Le tableau dressé par la Cour des comptes est pour le moins mitigé et fait apparaître un phénomène paradoxal. La Masp - entrée en vigueur, comme toute la loi de 2007, le 1er janvier 2009 - connaît en effet des débuts pour le moins laborieux (voir notre article ci-contre du 8 novembre 2011). Selon la cour, "quelque 4.000 Masp ont été mises en place fin 2009, alors que les travaux préparatoires misaient sur 9.000 à 13.000 mesures". La mesure d'aide judiciaire (MAJ), qui peut prolonger la Masp, affiche un retard encore plus important : au lieu des 30.000 mesures attendues, seules 1.000 étaient en vigueur à la fin de 2009. Des écarts qui s'expliquent notamment par la longueur des procédures de mise en place.

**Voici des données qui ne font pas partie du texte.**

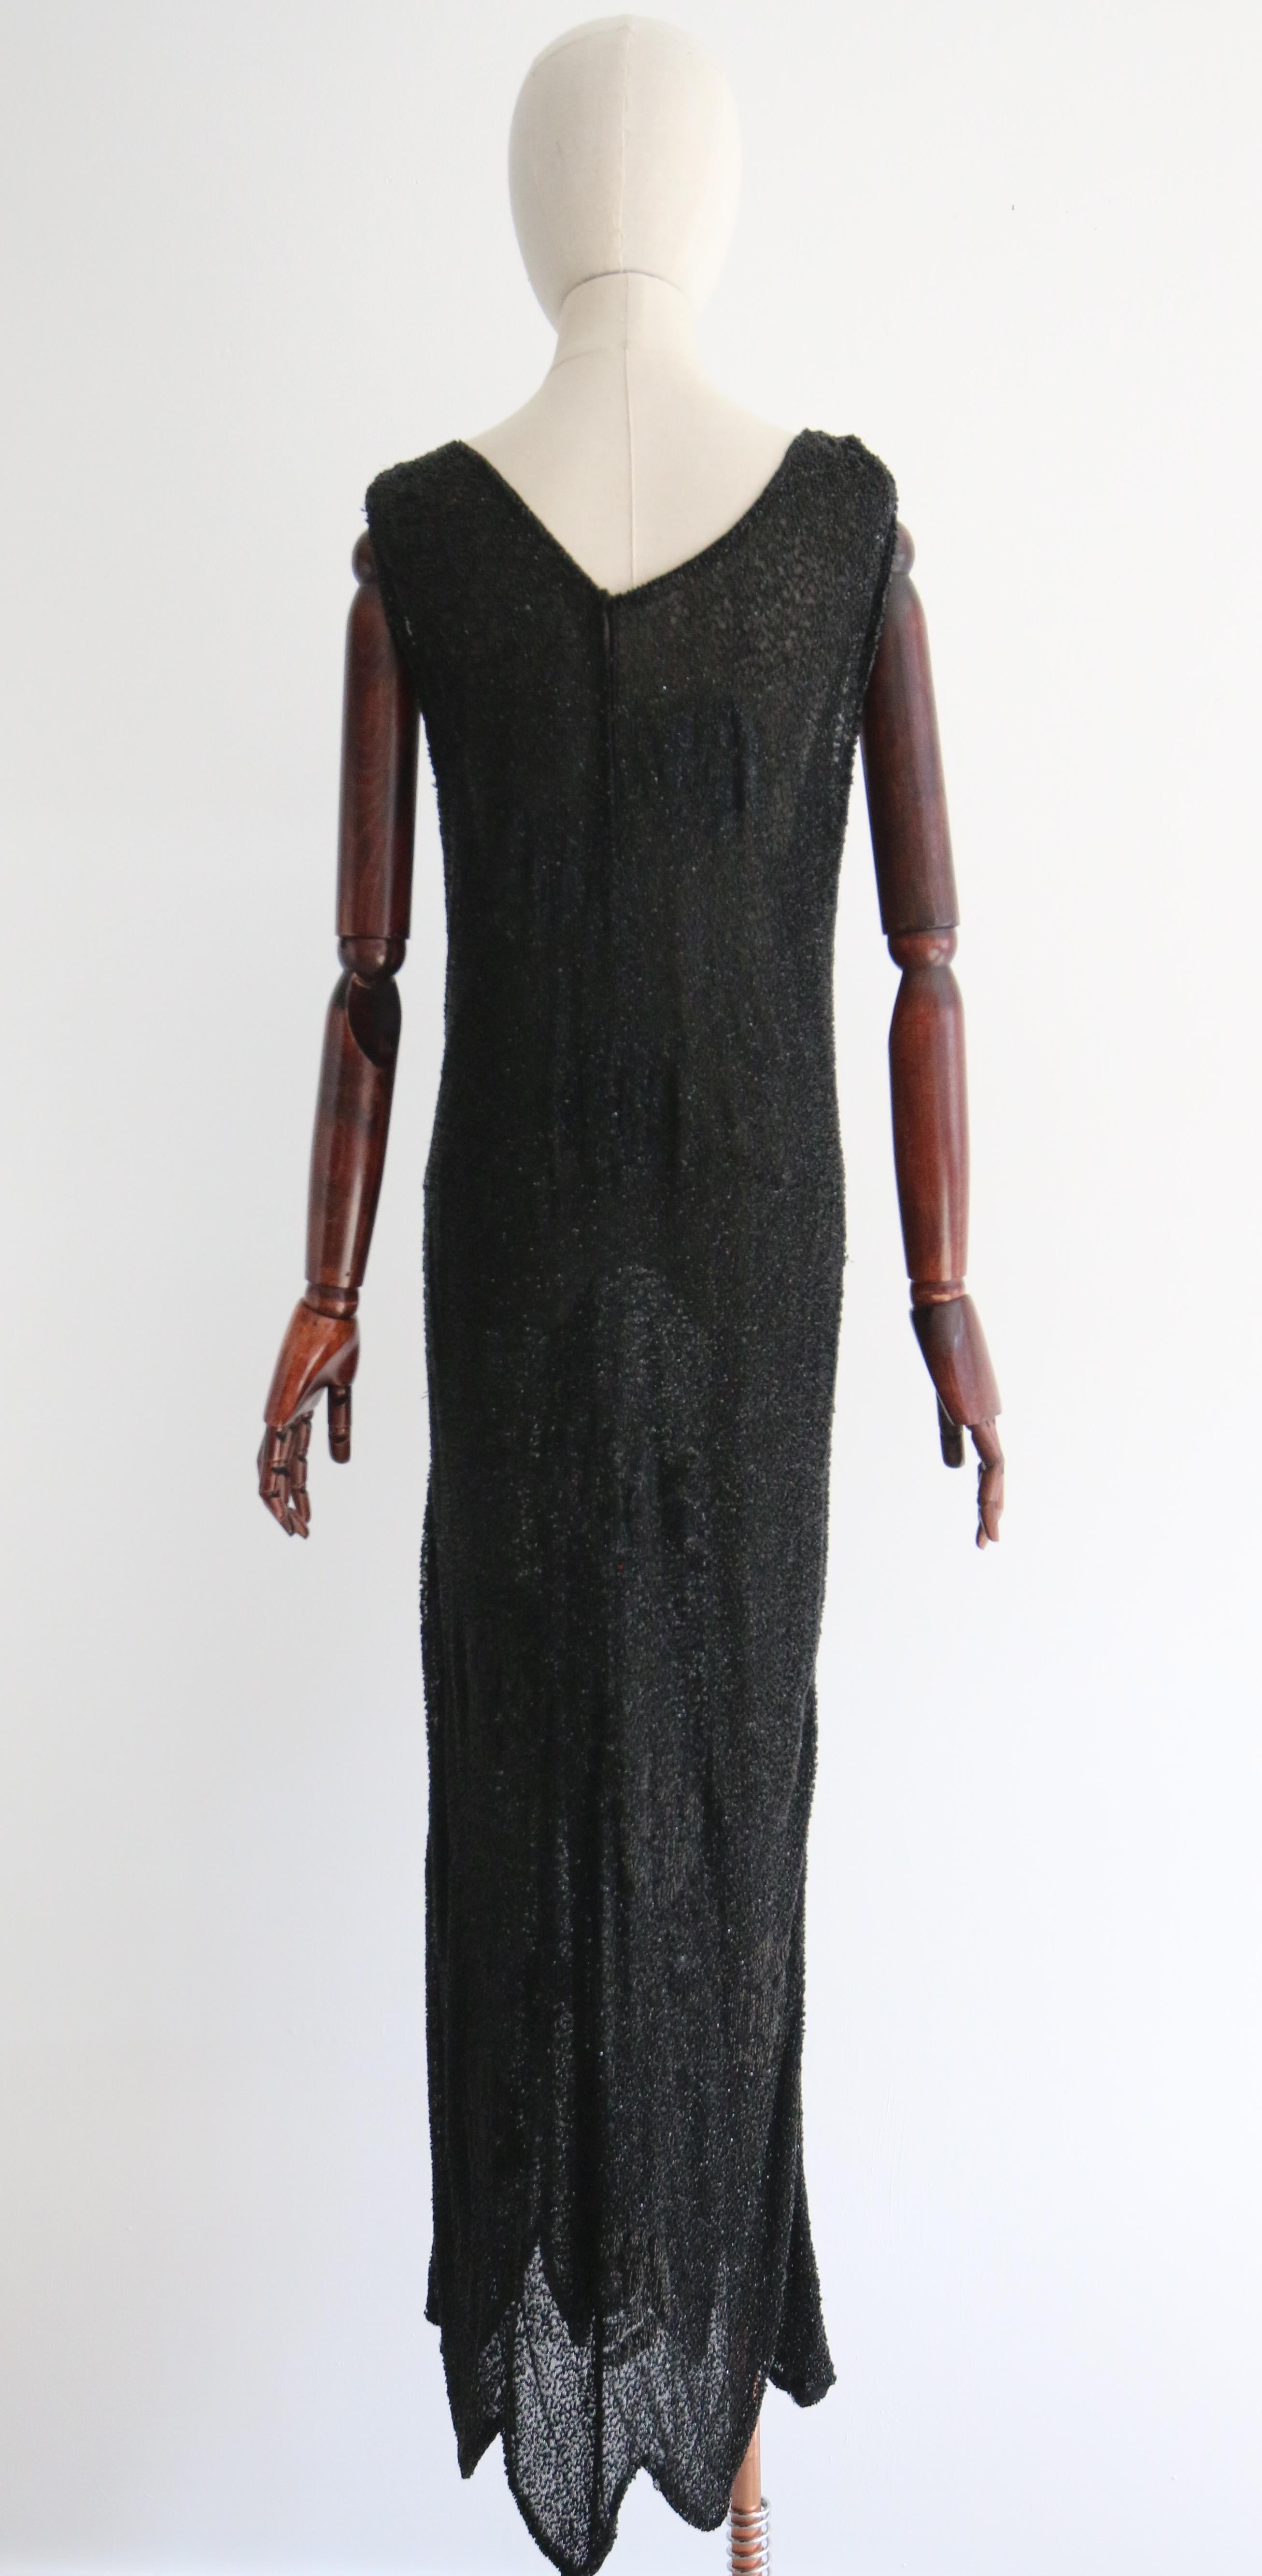 Vintage 1920's Black Beaded Evening Dress UK 12-14 US 8-10 3

47 millions d'euros au lieu de 21 millions

Pourtant, en dépit de cette montée en charge très inférieure aux prévisions, la cour relève que "le coût du dispositif est [...] incertain, mais tout suggère qu'il sera supérieur aux prévisions". Pour l'exercice 2011, le rapport estime la charge de la Masp pour les départements à 47 millions d'euros, au lieu des 21 millions attendus. Cet écart conséquent peut s'expliquer, au moins pour une petite partie, par le fait que 82% des départements ont choisi de rendre la Masp gratuite, renonçant ainsi à demander une participation aux bénéficiaires. Une décision dictée par les faibles ressources des bénéficiaires et la difficulté de les facturer, au regard de leur situation.
L'essentiel du dérapage budgétaire vient toutefois de la sous-estimation initiale du coût unitaire d'une Masp. La Cour des comptes relève en effet que les Masp "coûtent environ 500 euros par personne et par mois, soit largement le triple des 150 euros envisagés". En outre, les organismes délégataires (75% des cas) et les départements qui ont opté pour une régie directe (25%) ont anticipé les recrutements de personnels compétents durant les deux premières années de mise en oeuvre afin de faire face à une montée en charge qui ne s'est finalement pas faite au rythme prévu, ce qui pèse aujourd'hui sur les charges fixes. Dernière déception : l'effet de substitution attendu entre mesures judiciaires et mesures sociales n'a pas eu lieu, puisque les mesures judiciaires n'ont pas subi de décélération.
A ce jour, le bilan de la réforme - pourtant très attendue par l'ensemble des acteurs - semble donc décevant, même si la Cour des comptes prend soin de préciser que "tous ces constats sont provisoires, car le bilan quantitatif et qualitatif de la loi n'a pas encore été publié". A l'issue de la présentation du rapport, une discussion s'est engagée avec d'autres acteurs du dispositif, également auditionnés par la commission des finances : représentants des ministères de la Justice et des Solidarités, de l'Assemblée des départements de France (ADF), de l'Association nationale des juges d'instance (Anji) et de la Fédération nationale des associations tutélaires.

Jean-Noël Escudié / PCA

Référence : Sénat, rapport d'information n°315 d'Eric Bocquet et Edmond Hervé sur l'enquête de la Cour des comptes relative à l'évaluation de la loi n°2007-308 du 5 mars 2007 portant réforme de la protection juridique des majeurs (déposé le 31 janvier 2012, en attente de publication).